● Source data:
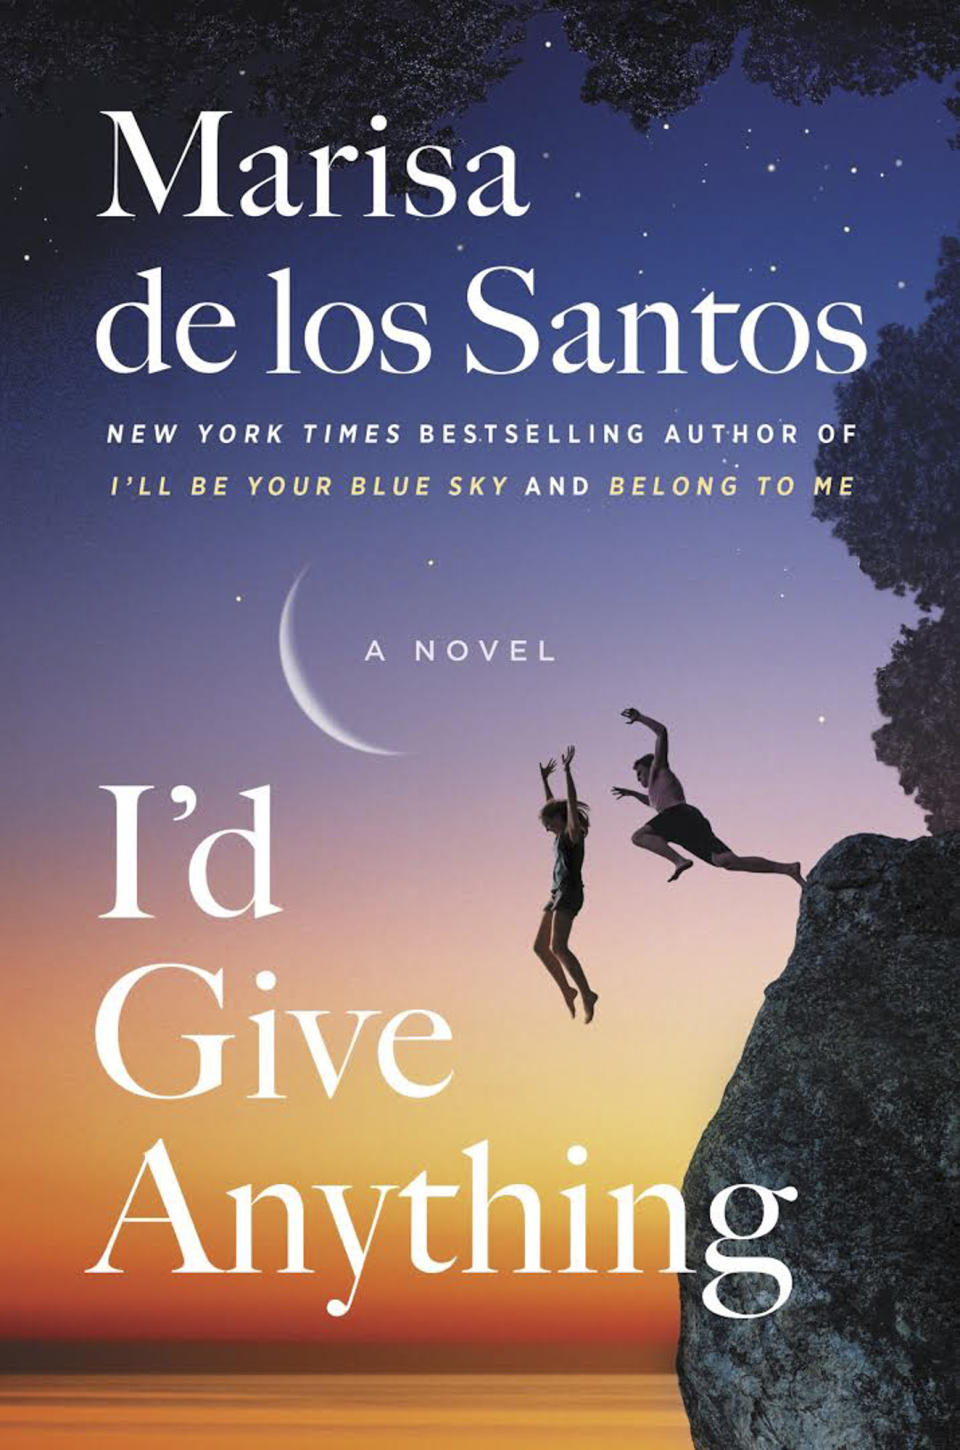 I'd Give Anything, by Marisa de los Santos
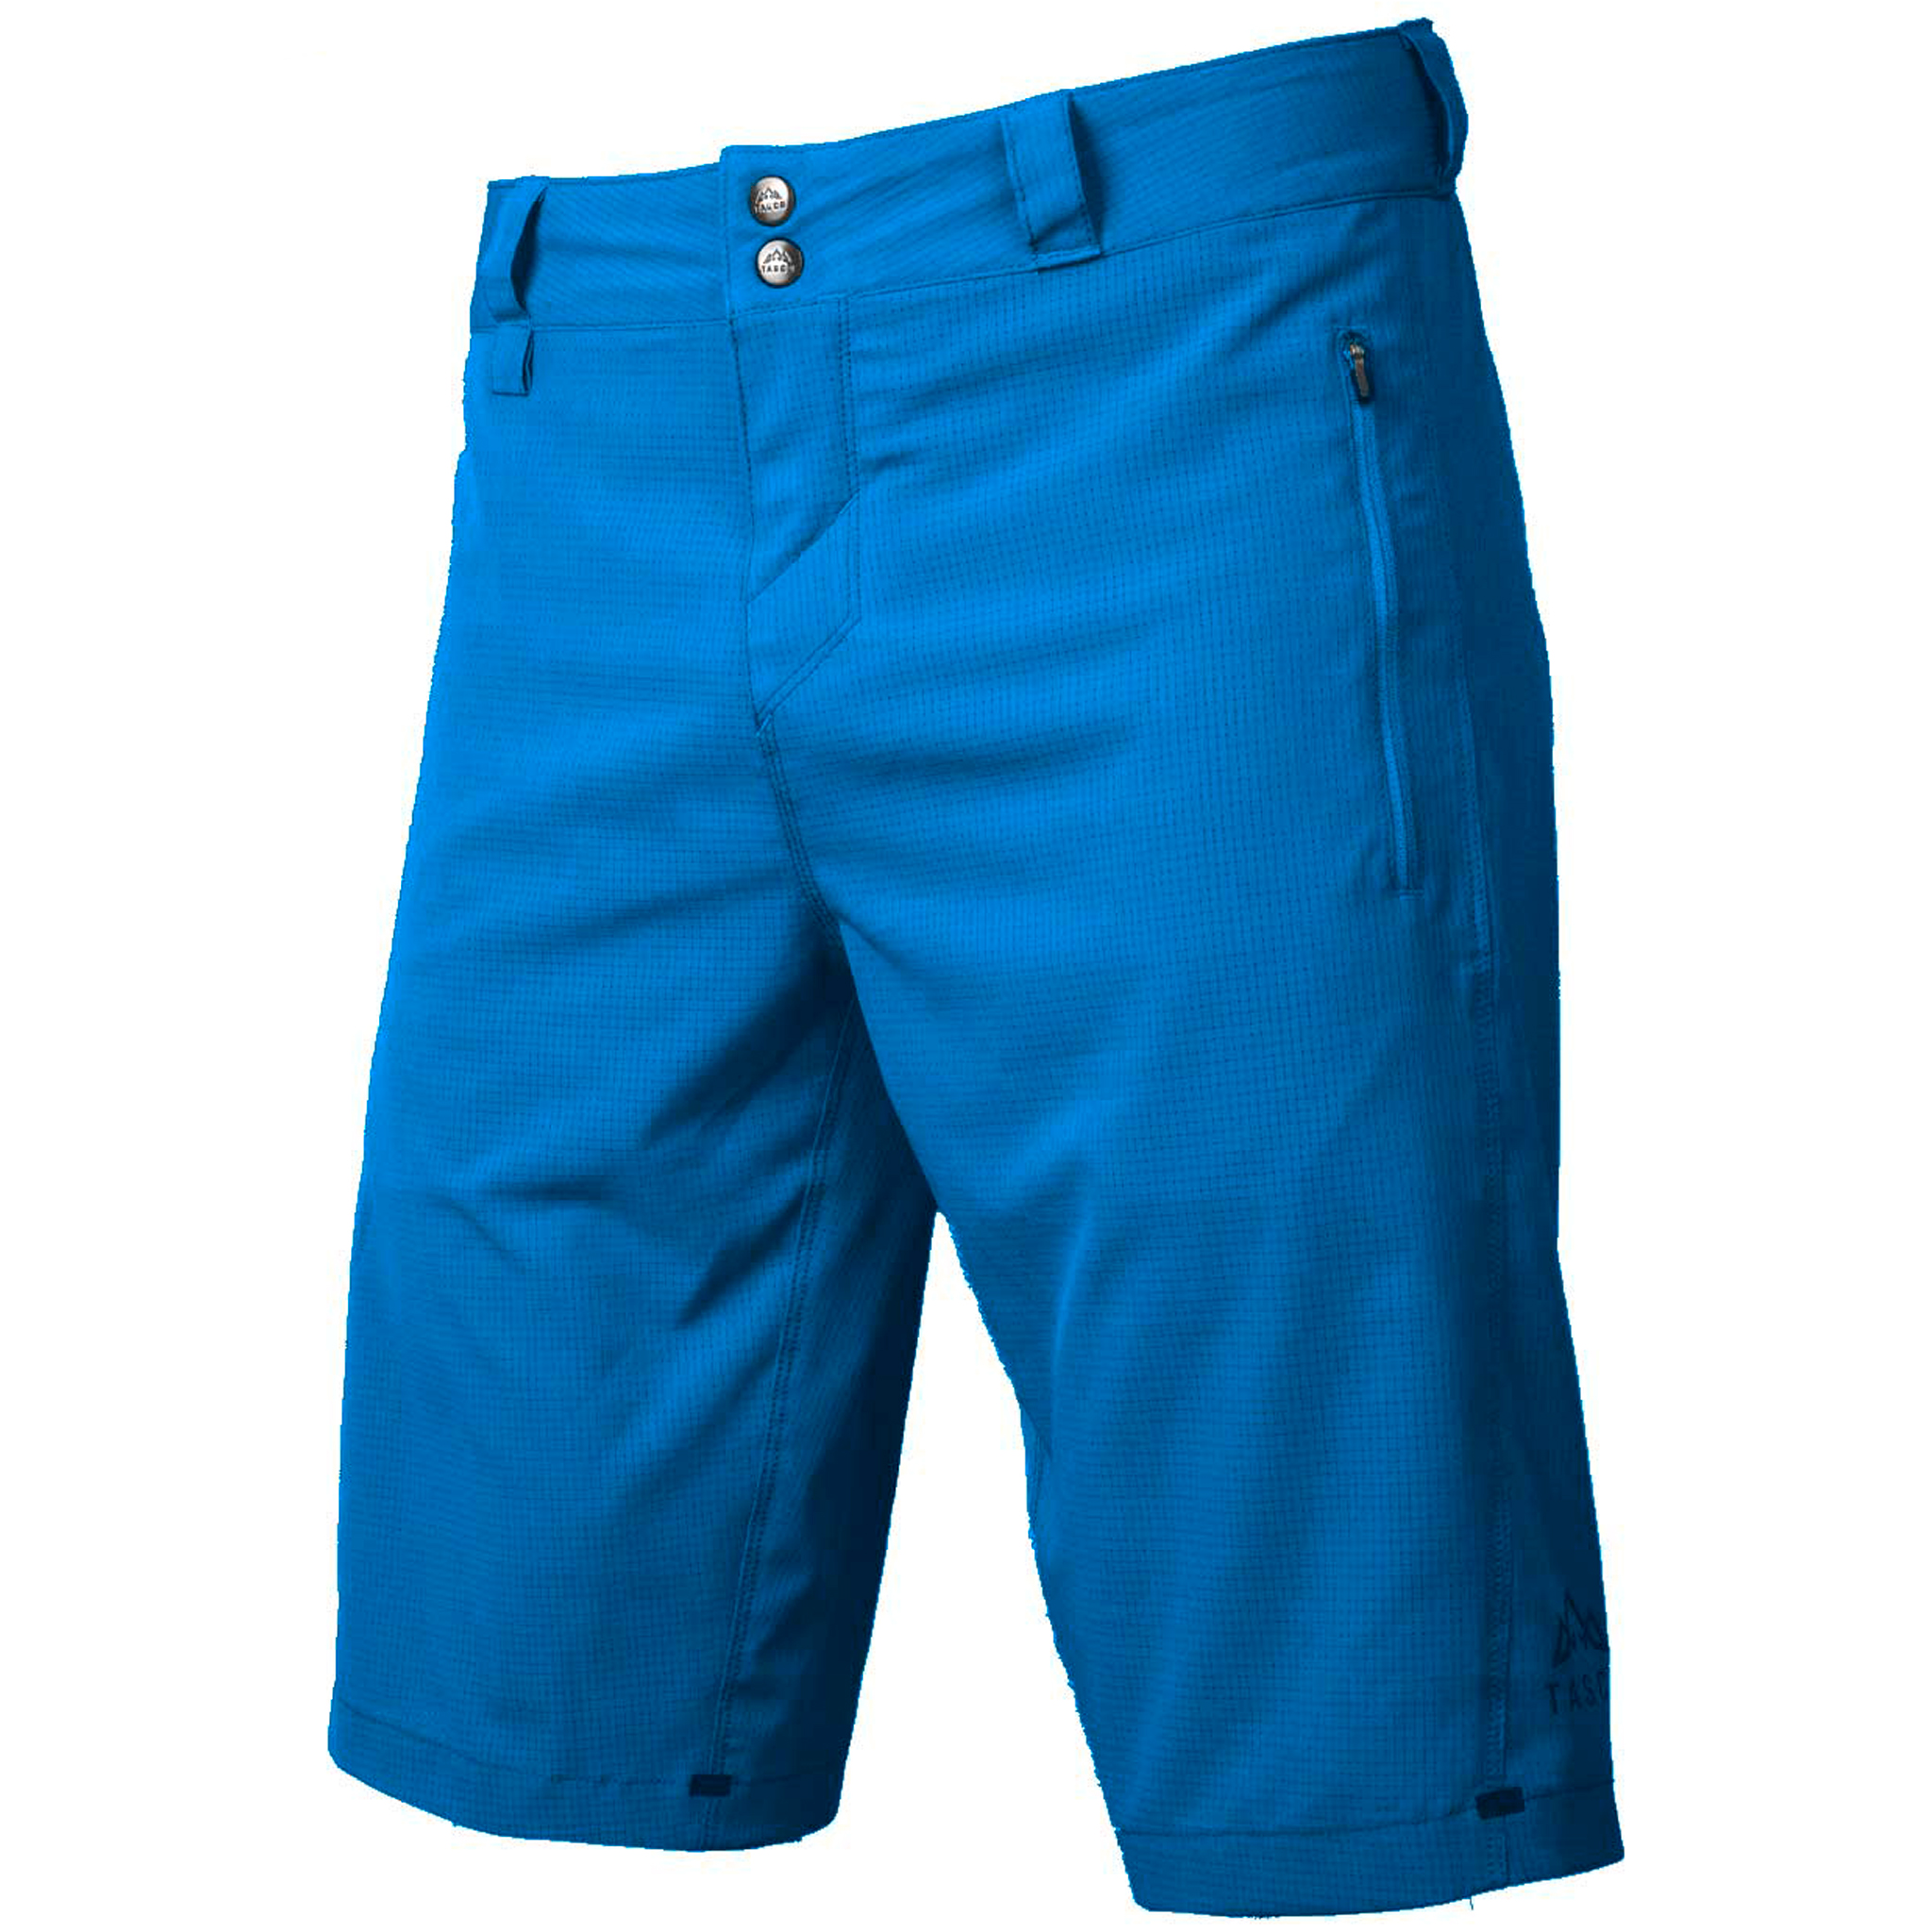 Tasco Fantom MTB Shorts, S (30"), Kryptonite
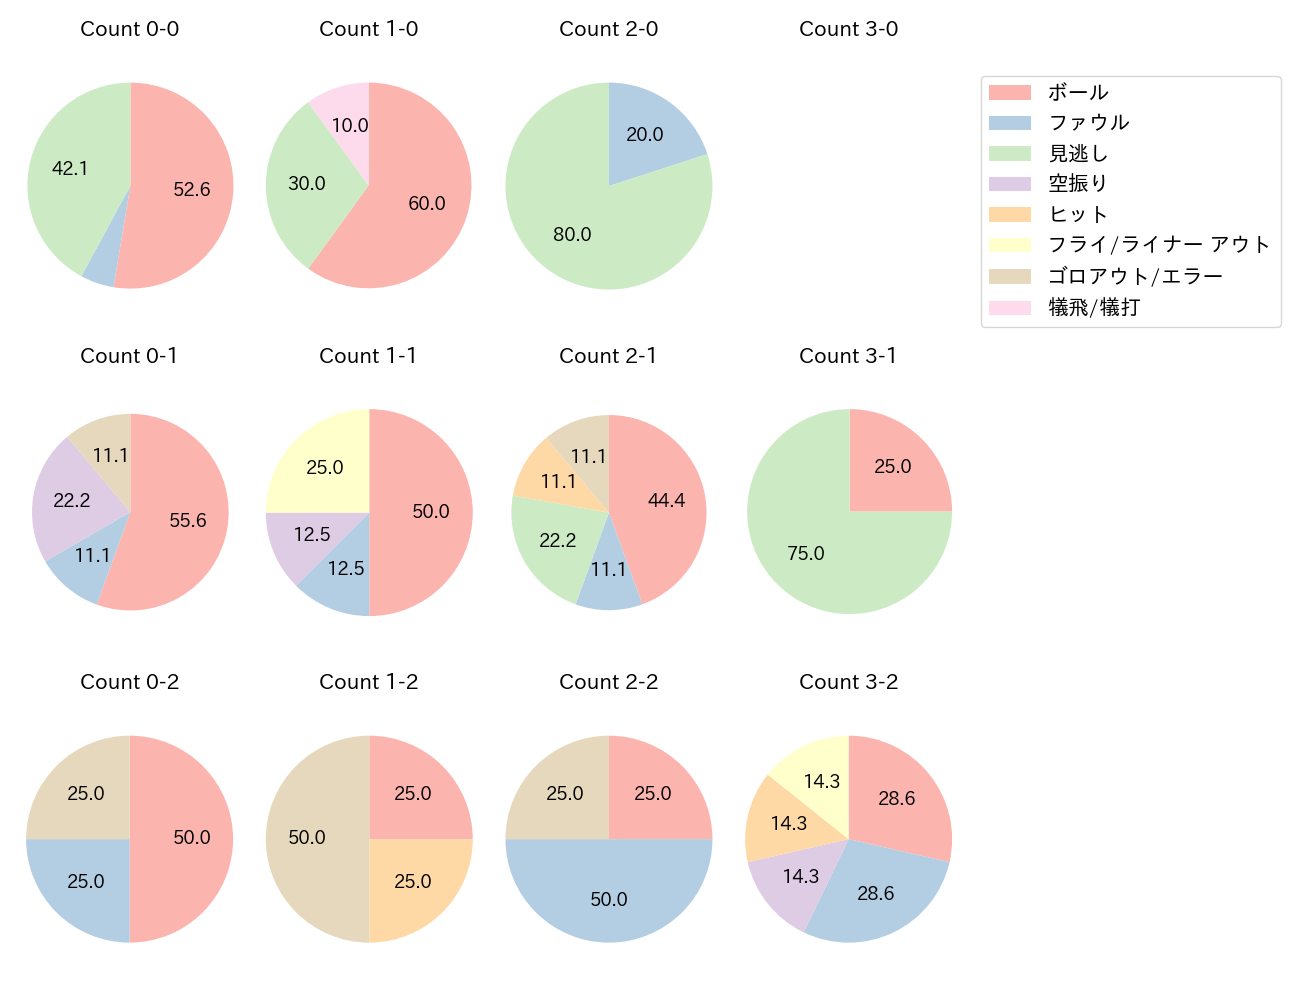 平沼 翔太の球数分布(2022年7月)
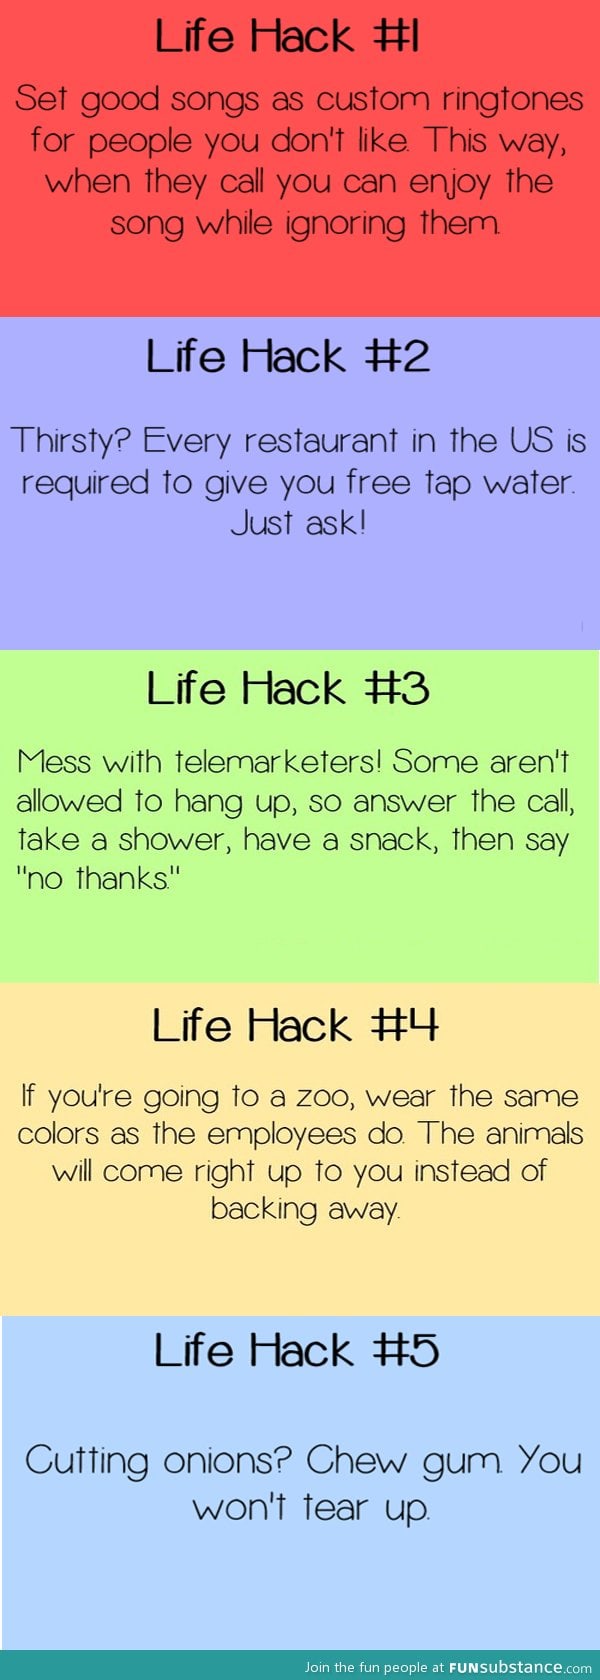 5 life hacks

● Exercise description: Output the listing above exactly, excluding all pictures.

● Task answer:
 I'd Give Anything, by Marisa de los Santos
 Tasco Fantom MTB Shorts, S (30"), Kryptonite
 平沼 翔太の球数分布(2022年7月)
 5 life hacks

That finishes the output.